As a group of militants began leaving the Turkish province of Hakkari, there was no sign of military activity and the militants were not accompanied by security forces or drones.

PKK begins withdrawal from Turkey in peace bid

World Bulletin/News Desk

Members of the Kurdistan Workers' Party (PKK) on Wednesday began leaving Turkish territory from the province of Hakkari.

Kurdistan Workers Party (PKK) guerrillas accused the army on Tuesday of endangering their agreed pullout with reconnaissance drones and troop movements they said could trigger clashes.

But on Wednesday there was no sign of military activity and the militants were not accompanied by security forces or drones.

Soldiers and police mostly waved drivers through four of the checkpoints on the narrow road to the town of Semdinli, near the borders with Iraq and Iran.

Some of the 2,000 PKK members based in Turkey were set to begin trekking through mountains to bases in northern Iraq on Wednesday, taking with them their kalashnikov rifles.

The withdrawal, ordered late last month by top PKK commander Murat Karayilan, is the biggest step yet in a peace deal negotiated between the group's jailed leader Abdullah Ocalan and Turkish officials over recent months.

Prime Minister Tayyip Erdogan has taken a huge gamble with the process, attracting a nationalist backlash before elections next year as he seeks to end a conflict which has put a huge burden on state coffers and damaged Turkey's image abroad.

Few areas have been scarred by the conflict more than the Semdinli area, accessible by a single road that cuts through emerald-green valleys and snowcapped mountains, and which witnessed the deadliest clashes in more than a decade last year.

"This town has never known normalcy, it has always been in the cross-hairs of war," said 30-year-old Mayor Sedat Tore. He does not remember a time in his life without the violence.

"May 8 represents an enormous opportunity to finally silence the guns. The people don't understand this process fully, but they are hopeful. They are searching for even the smallest ray of light at the end of the tunnel," he said.

Pro-Kurdish politicians were in border villages in the mainly Kurdish southeast to monitor the pullout, which was due to take several months.
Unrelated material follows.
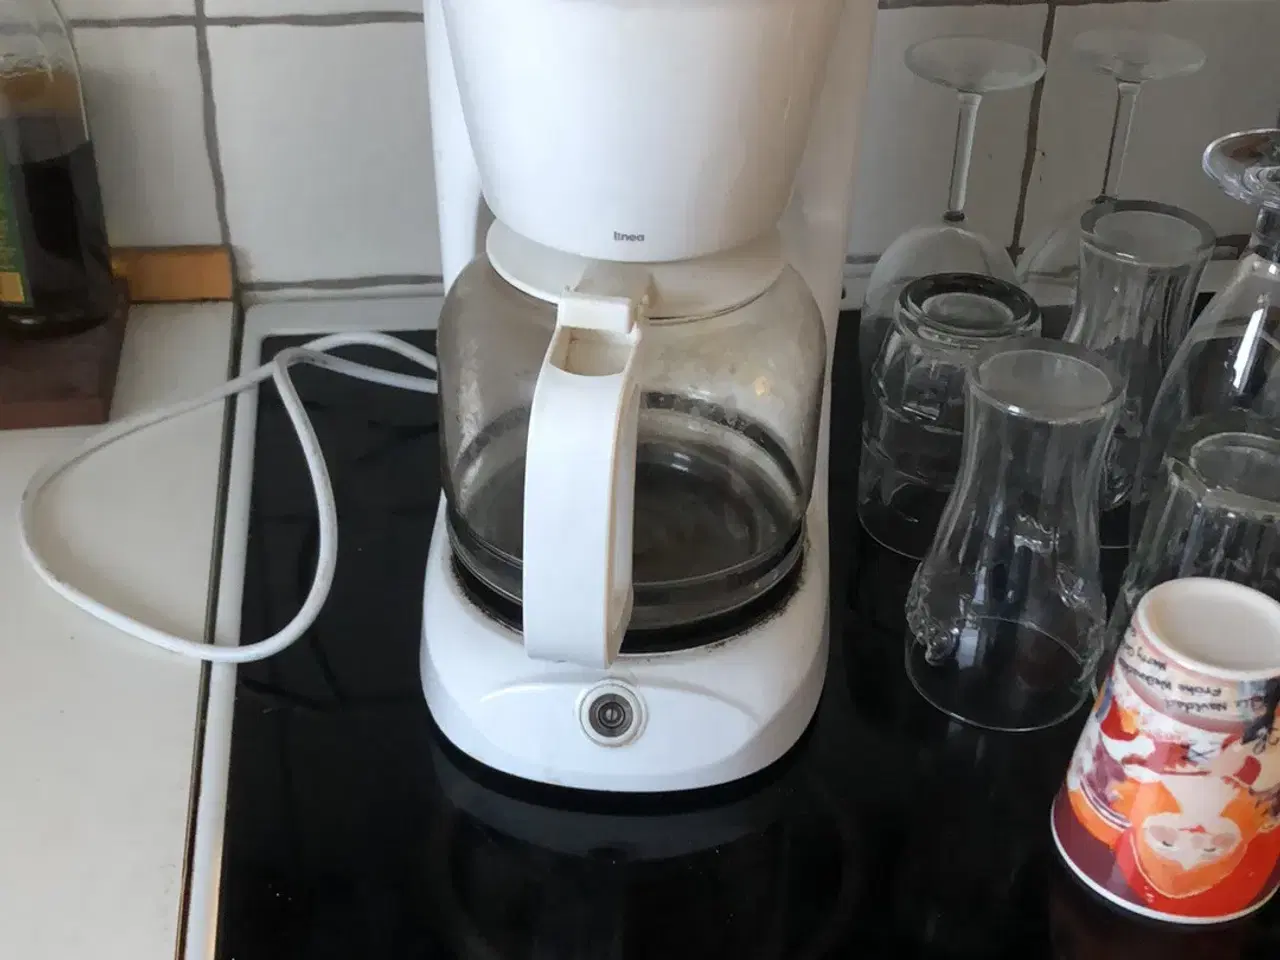 Billede 2 - Linea kaffemaskine, glas gerne hurtig væk god kval

The first fighters were expected to arrive in Iraq within a week.

Karayilan has warned that PKK fighters will retaliate if the Turkish army launches any kind of operation against them.

Imprisoned PKK leader Abdullah Ocalan previously called on members of the organization to lay down arms and leave the country.
Turkish authorities promised to create the conditions for PKK militants who laid down their weapons to freely leave the country.

The rebels are expected to move in groups of around half a dozen in a process expected to take several months, monitored on the Turkish side by the MIT intelligence agency and across the border by the Kurdish regional government of northern Iraq.

Incomes in the area are about half of those in western Turkey but exceed those of neighbouring towns due to a thriving business smuggling fuel, household goods and food from Iran and Iraq, Mayor Tore said.

Its population has grown fourfold since 1984 to 20,000 people as villagers fled their homes to escape fighting between Turkey and the PKK.